Given information:
════════
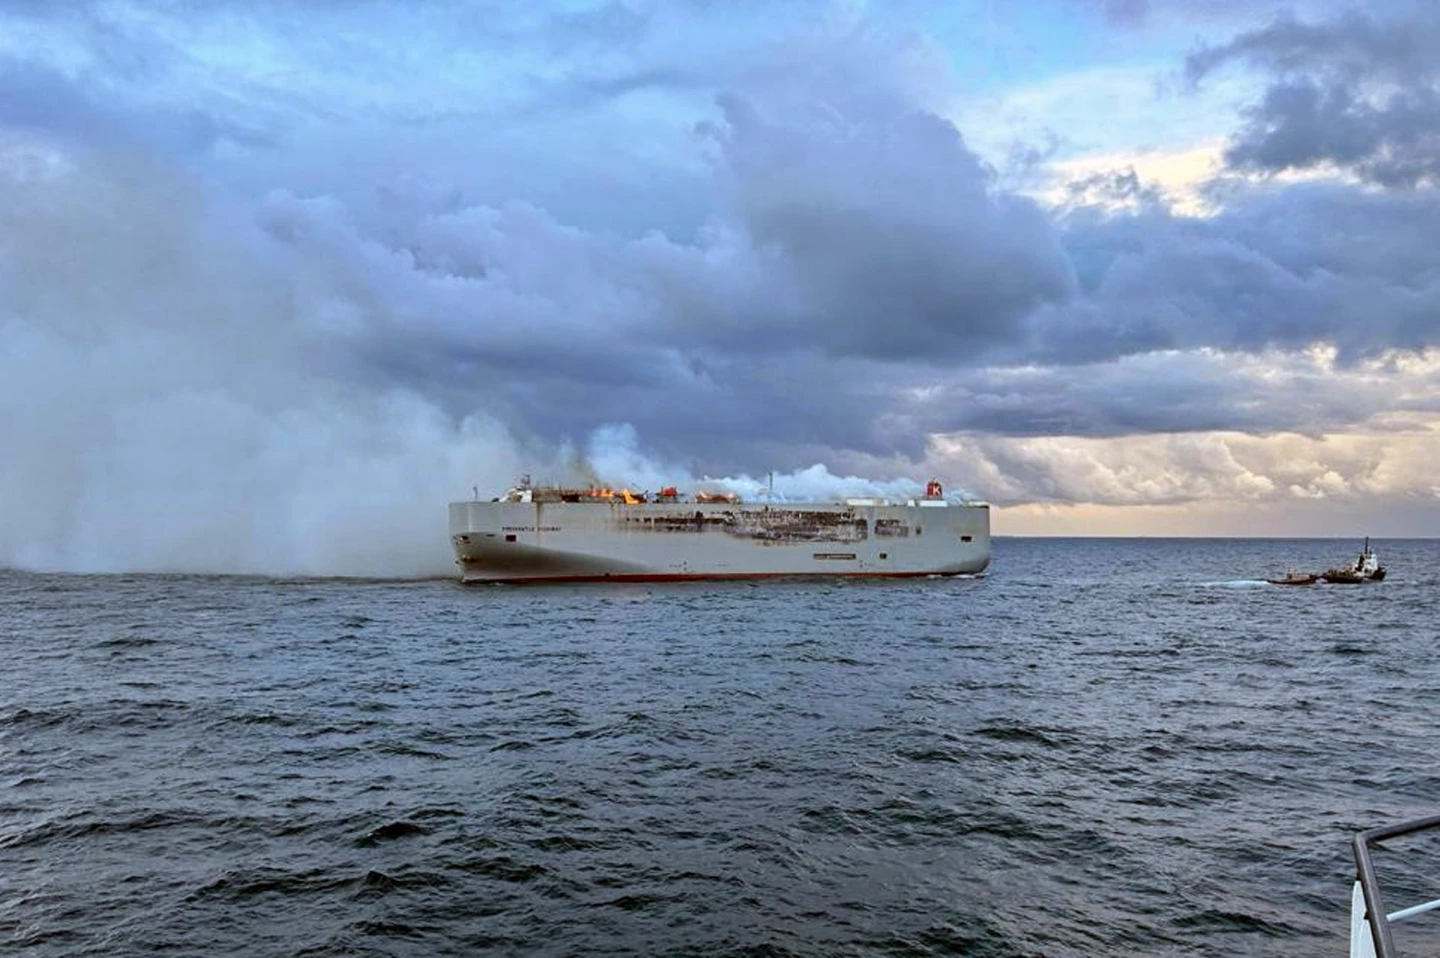 لقطات تظهر استعال سفينة شحن تنقل سيارات إلى مصر - الصورة من وكالات أنباء عالمية
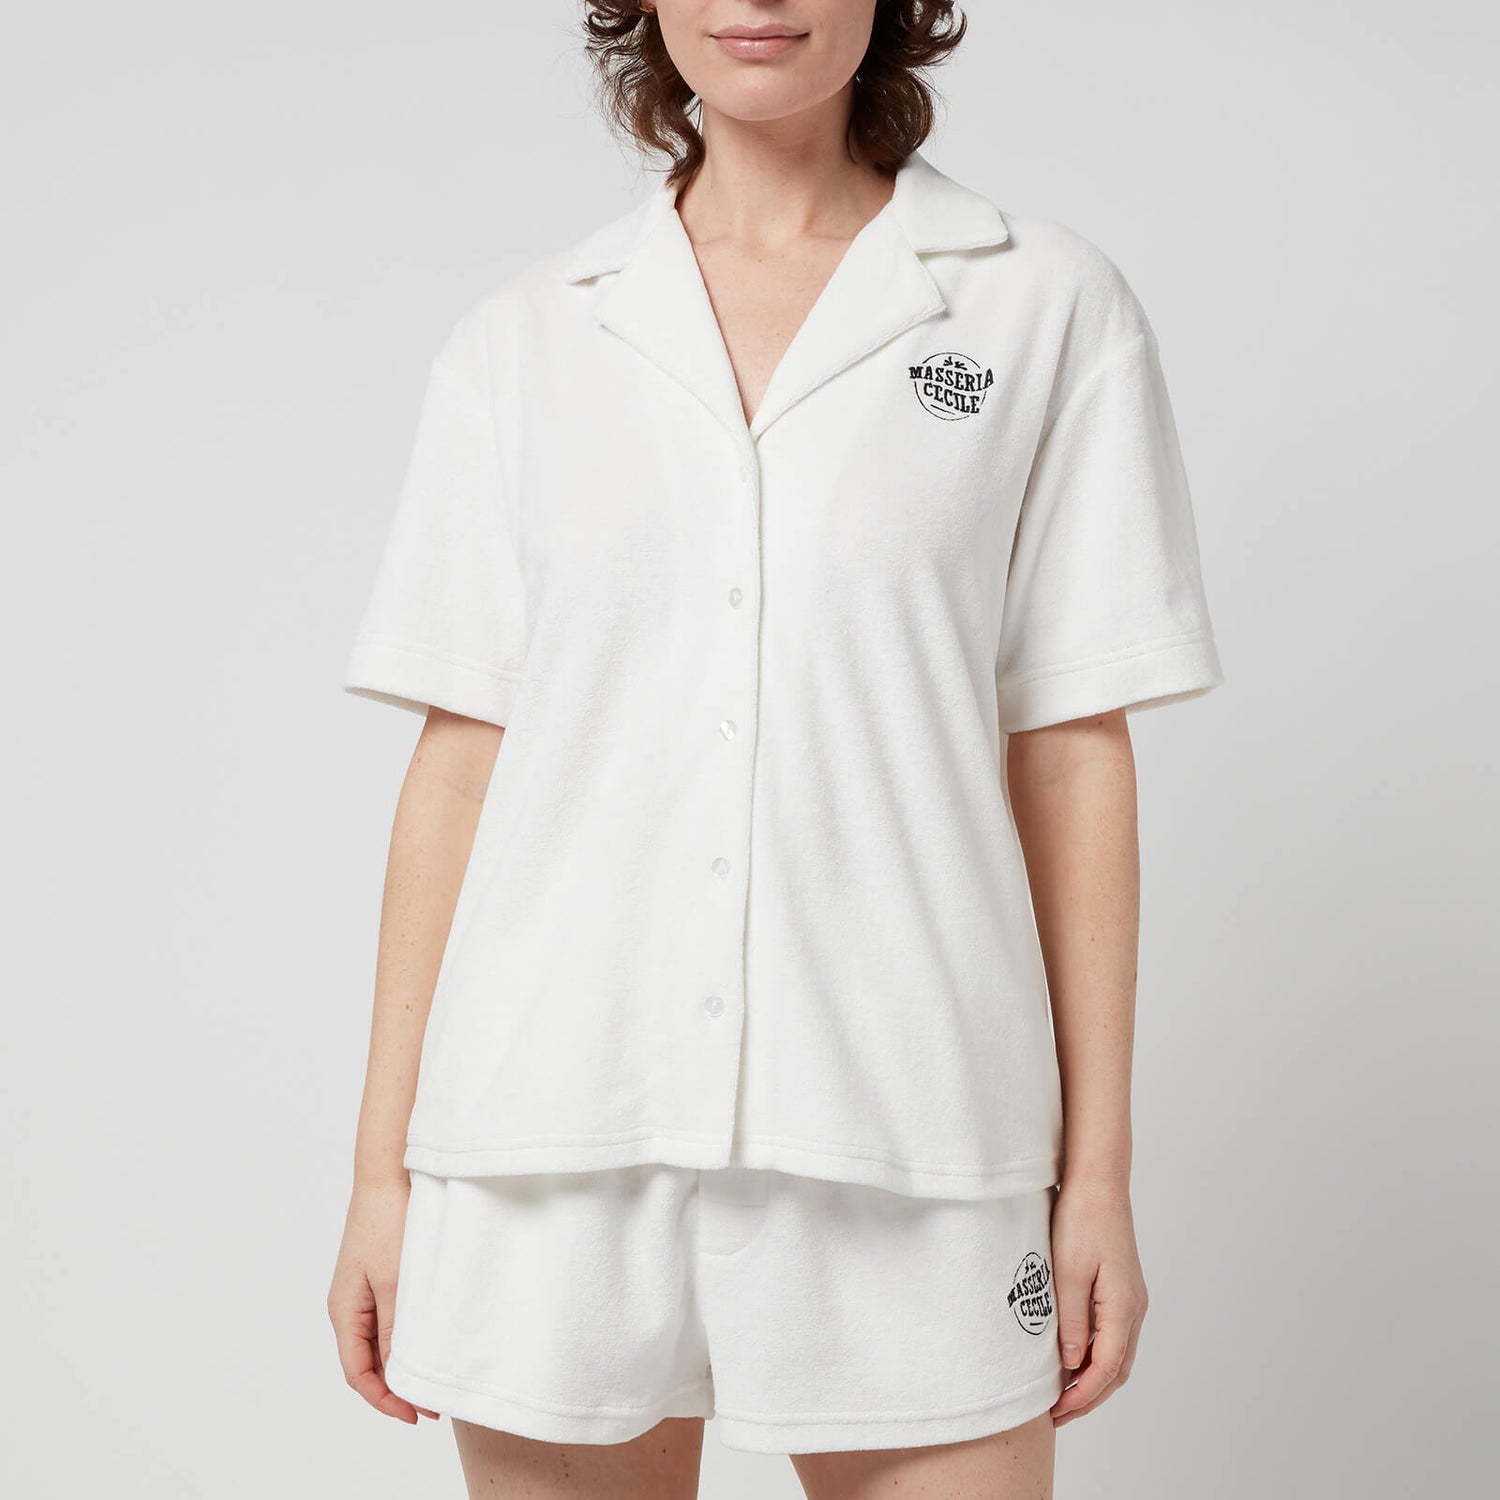 Être Cécile Women's Andy C Singer Towelling Short Sleeve Shirt - Ivory - L
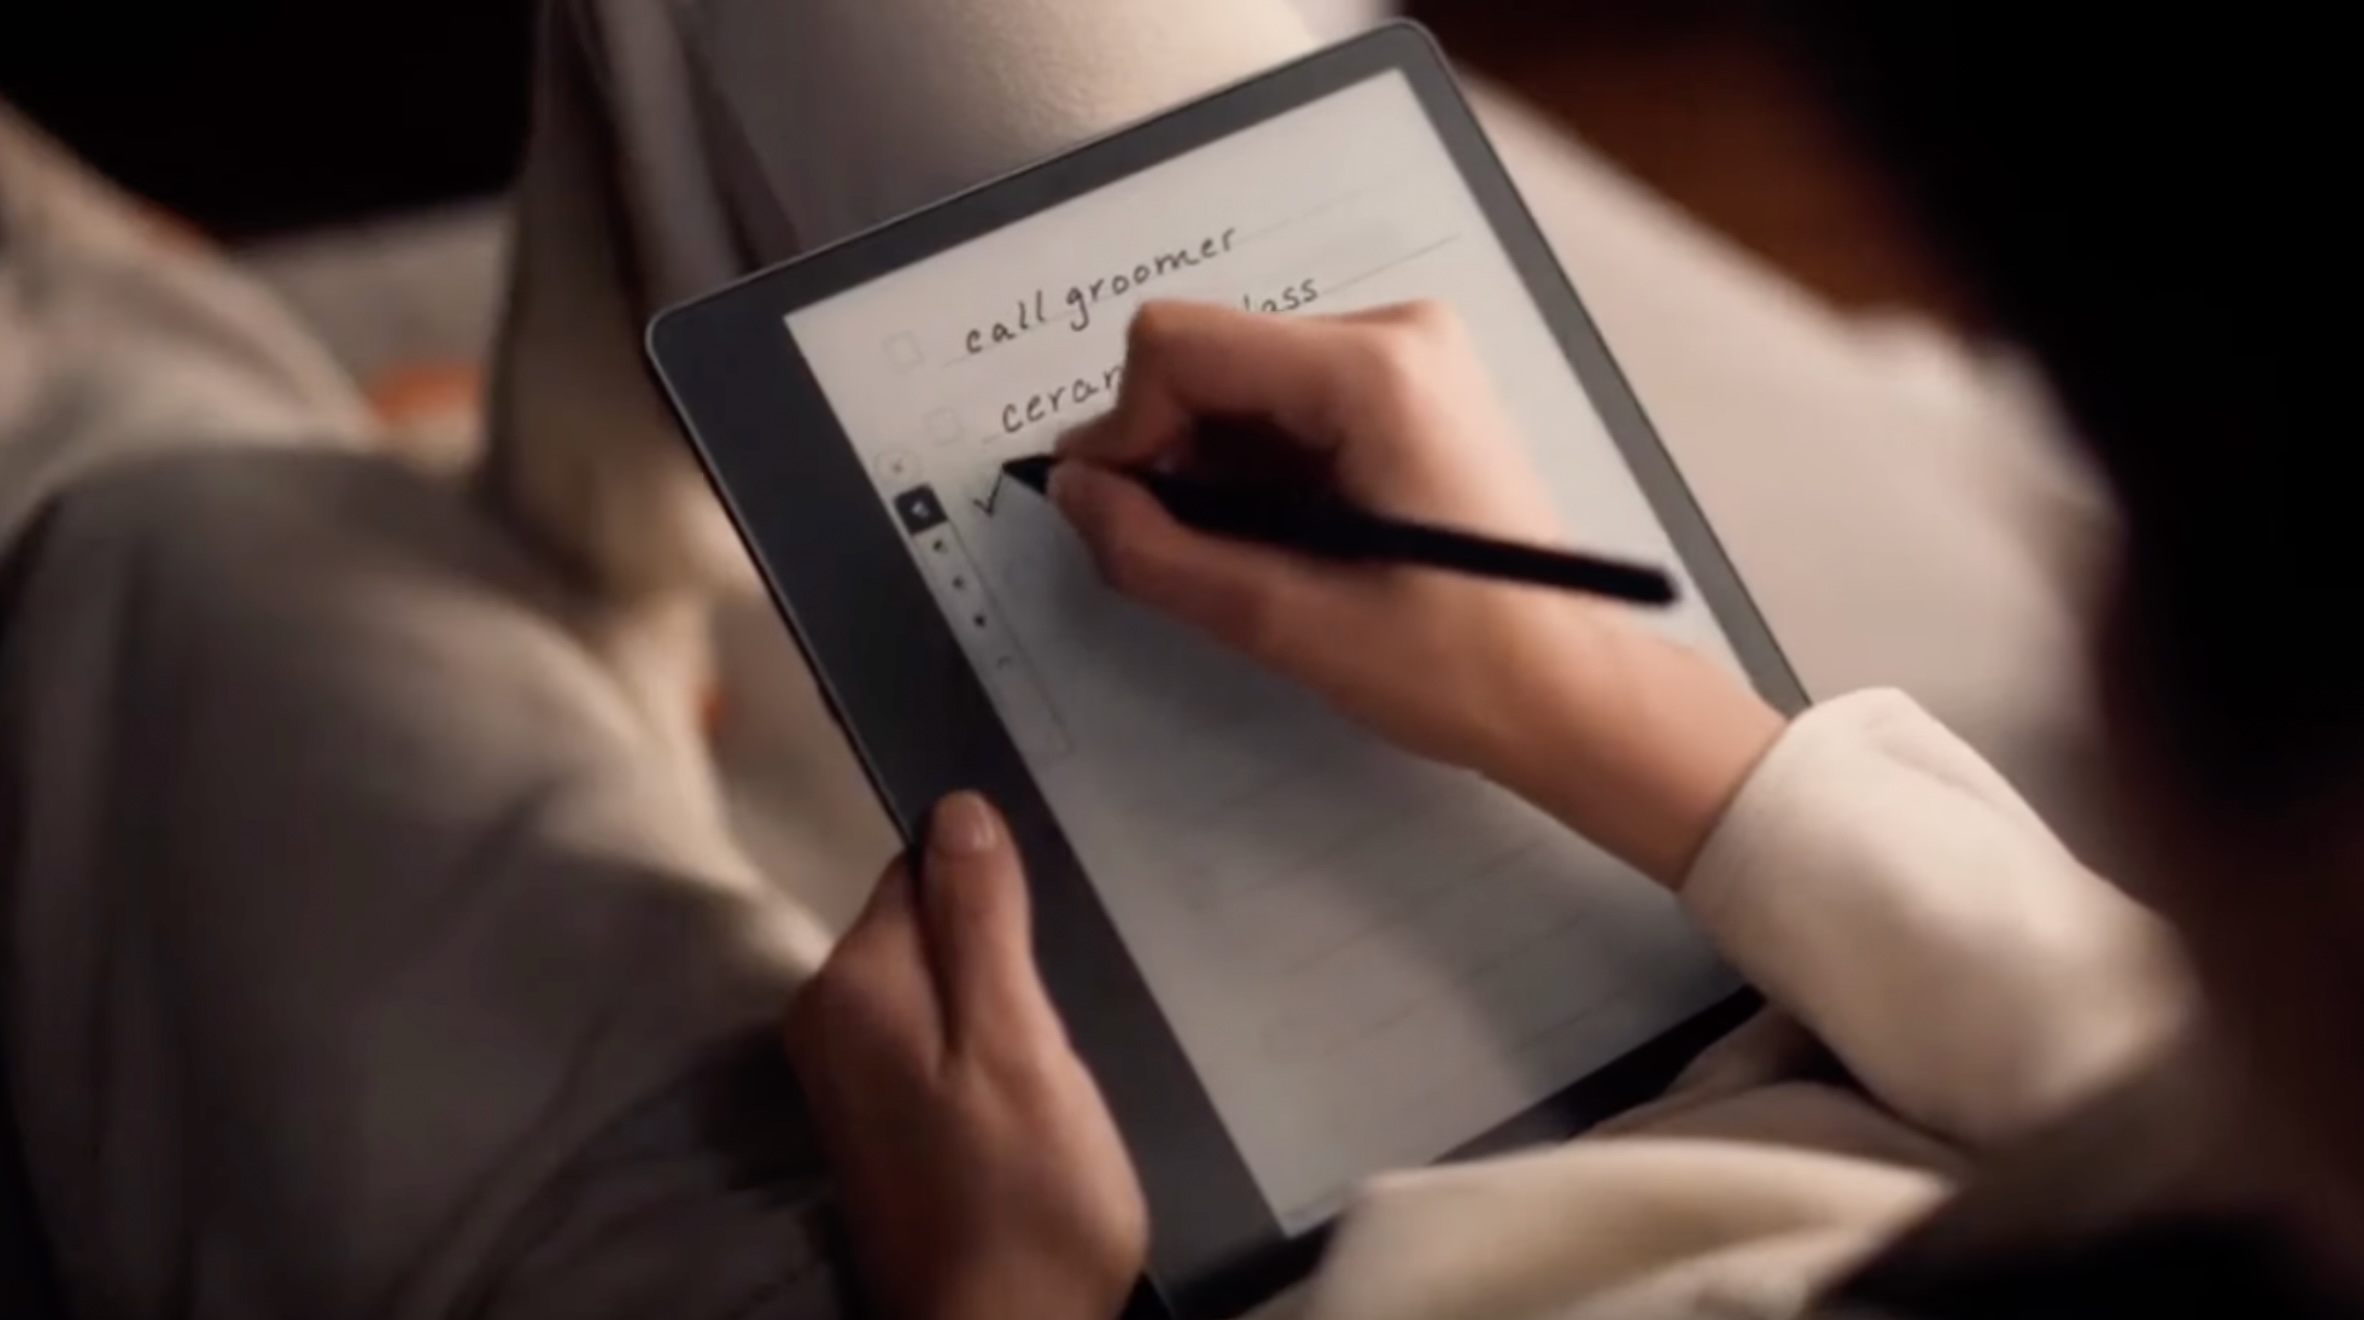 Tablette ReMarkable 2.0 : révolution de l'écriture numérique
════════
Task to complete: Word-for-word transcription: the whole listing, with images excluded.

Result:
 لقطات تظهر استعال سفينة شحن تنقل سيارات إلى مصر - الصورة من وكالات أنباء عالمية
 Être Cécile Women's Andy C Singer Towelling Short Sleeve Shirt - Ivory - L
 Tablette ReMarkable 2.0 : révolution de l'écriture numérique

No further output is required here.